Background
The aim of this study was to evaluate changes in three-dimensional (3D) speckle-tracking–derived myocardial strain during ischemia.
Methods
Twenty patients referred for percutaneous coronary intervention were studied (mean age, 65 ± 11 years; mean left ventricular ejection fraction, 56 ± 7%). Of the 20 study patients, 12 had severe left anterior descending coronary artery stenosis. A full-volume apical view using multibeat 3D modality and two-dimensional (2D) apical views (four chamber, two chamber, and three chamber) were recorded during coronary occlusion before wall motion abnormalities. After percutaneous coronary intervention, ultrasound contrast agent was selectively delivered through the target lesion to delineate ischemic and peri-ischemic segments (ischemia-adjacent segments). Strain values derived from 2D and 3D speckle-tracking echocardiography were compared in ischemic and nonischemic segments.
Results
Despite no changes in wall motion and 2D left ventricular ejection fraction (56 ± 7% vs 56 ± 7%), global longitudinal strain by 2D imaging was impaired during percutaneous coronary intervention (−16 ± 3% vs −14 ± 3%, P = .01). Similar changes were observed for all 3D strain components: −11 ± 16% for longitudinal (−15 ± 4% vs −13 ± 4%, P = .03), −13 ± 25% for circumferential (−15 ± 4% vs −12 ± 4%, P = .02), −12 ± 16% for area (−25 ± 5% vs −22 ± 6%, P = .009), and −12 ± 25% for radial global strain (39 ± 12% vs 33 ± 12%, P = .04). During coronary occlusion, 2D longitudinal peak strain and all 3D peak strain components decreased in ischemic segments, while no changes was observed in nonischemic segments. In peri-ischemic segments, only 3D longitudinal and area strain were impaired during ischemia.
Conclusions
Changes in myocardial deformation related to ischemia can be characterized by 3D speckle-tracking echocardiography before the stage of wall motion abnormality.

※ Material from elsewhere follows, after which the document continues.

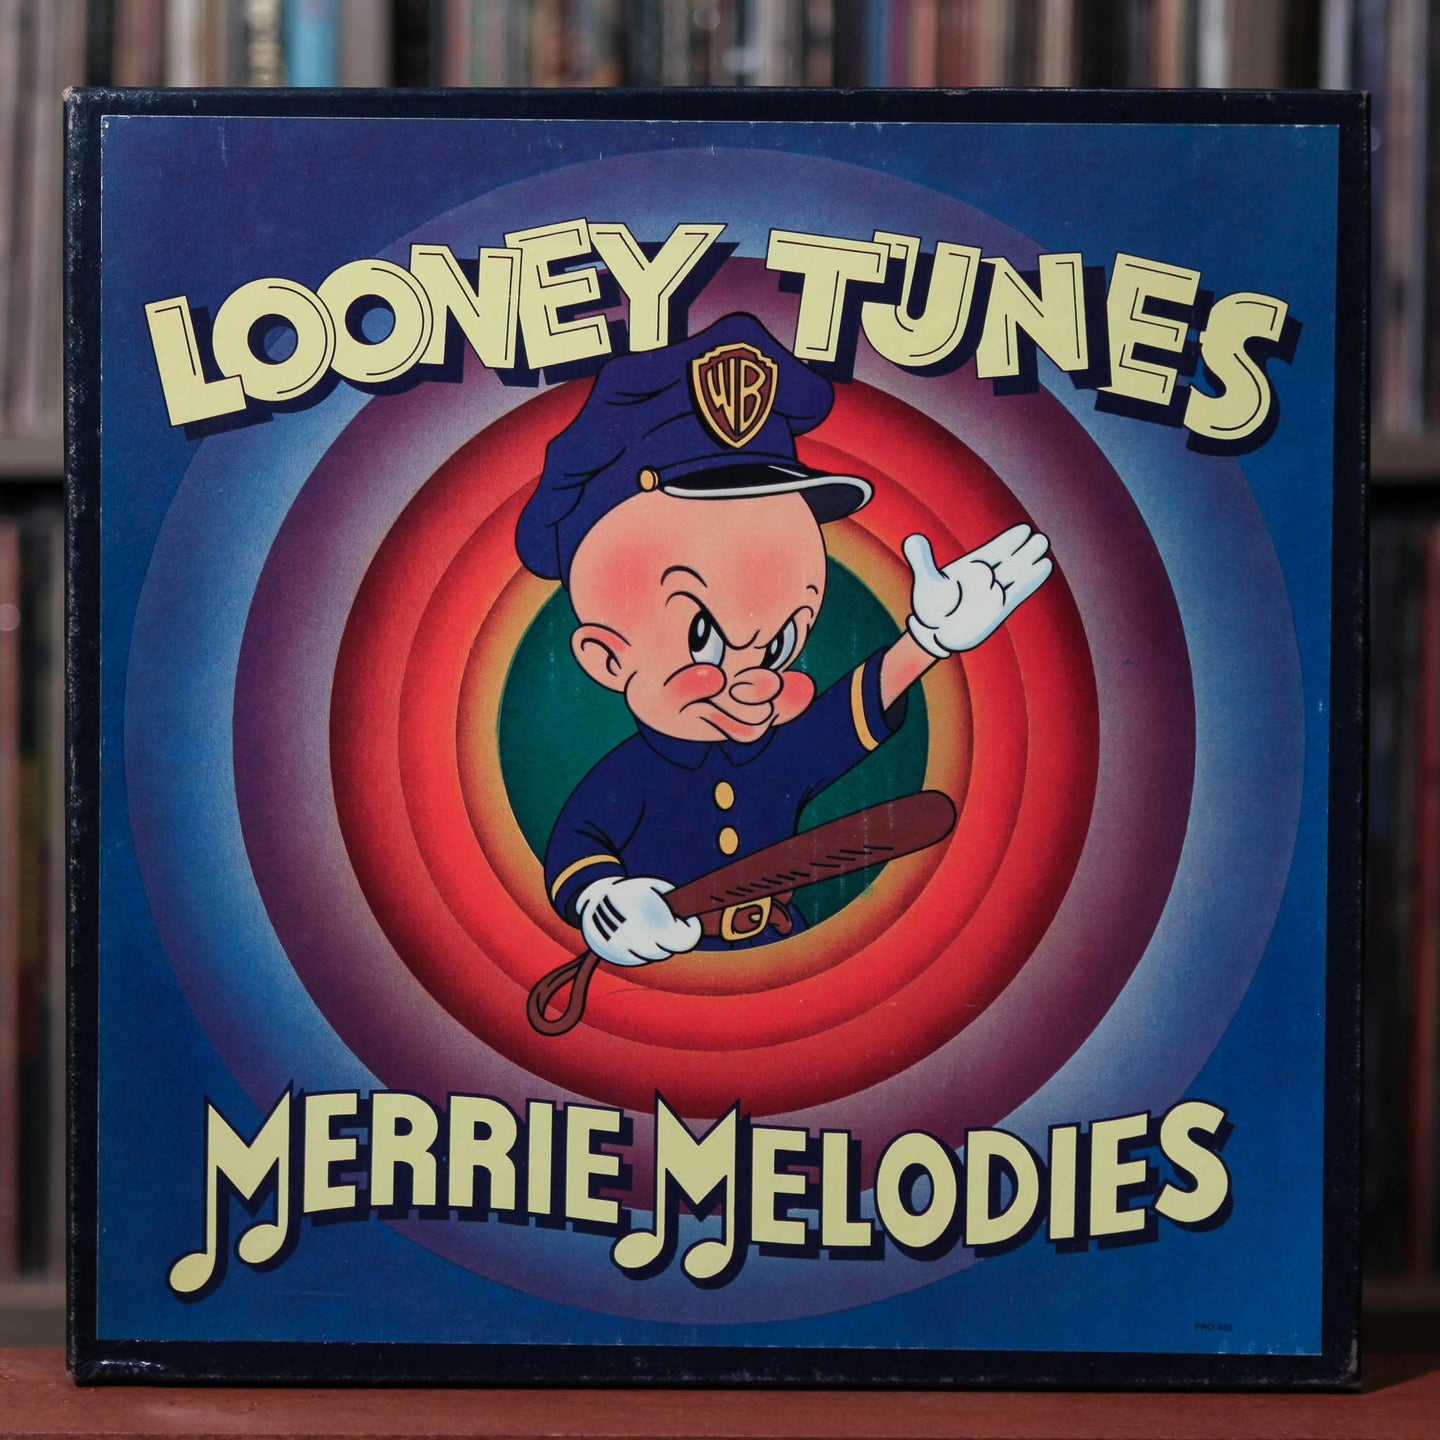 Looney Tunes - Merry Melodies Compilation - 3LP Boxset - 1970 WB, VG+/VG+

Wall motion analysis is determinant for the decision to rule out coronary artery disease in chest pain units. In clinical practice, two-dimensional (2D) echocardiography is used to identify high-risk patients with wall motion abnormalities at rest and/or during stress echocardiography. However, the accuracy of visual wall motion analysis depends on operator experience. In addition, visual analysis is based mainly on changes in radial motion that may lack sensitivity for detecting ischemia compared with longitudinal motion. Several authors have suggested that speckle-tracking echocardiography (STE) might be used in addition to wall motion analysis to evaluate ischemia during stress echocardiography. STE provides a robust assessment of myocardial deformation, highly reproducible for longitudinal strain, that correlates with cardiac magnetic resonance imaging and sonomicrometry. In a recent study, Ng et al . demonstrated that global longitudinal strain by STE in combination with expert wall motion interpretation improves the accuracy of stress echocardiography in patients with normal ejection fraction. However, 2D strain is inherently limited by 2D imaging, which prevents visualization of the whole myocardium, and in patients with resting wall motion abnormalities, assessment of changes in strain value is challenged by the difficulty of acquiring similar apical views during stress echocardiography. Recently, three-dimensional (3D) STE has been proposed to overcome 2D limitations, but its accuracy and feasibility for identifying myocardial ischemia in human have not been evaluated. In the present study, we assessed changes in myocardial deformation evaluated using 2D and 3D STE during percutaneous coronary intervention (PCI).
Methods
Study Population
We considered 23 patients with severe proximal single-vessel coronary disease who were referred for PCI between November 2011 and June 2012. Patients with histories of acute coronary syndromes and chronic coronary occlusion were not considered. Of the 23 patients, two were excluded for poor 3D acoustic windows while lying in the supine position, and one patient was excluded for PCI-related wall motion abnormality during echocardiographic acquisition. The 20 remaining patients were included, and all had one proximal severe coronary stenosis with myocardial ischemia supported by stress testing. All patients provided informed written consent, and our local ethics committee approved the study.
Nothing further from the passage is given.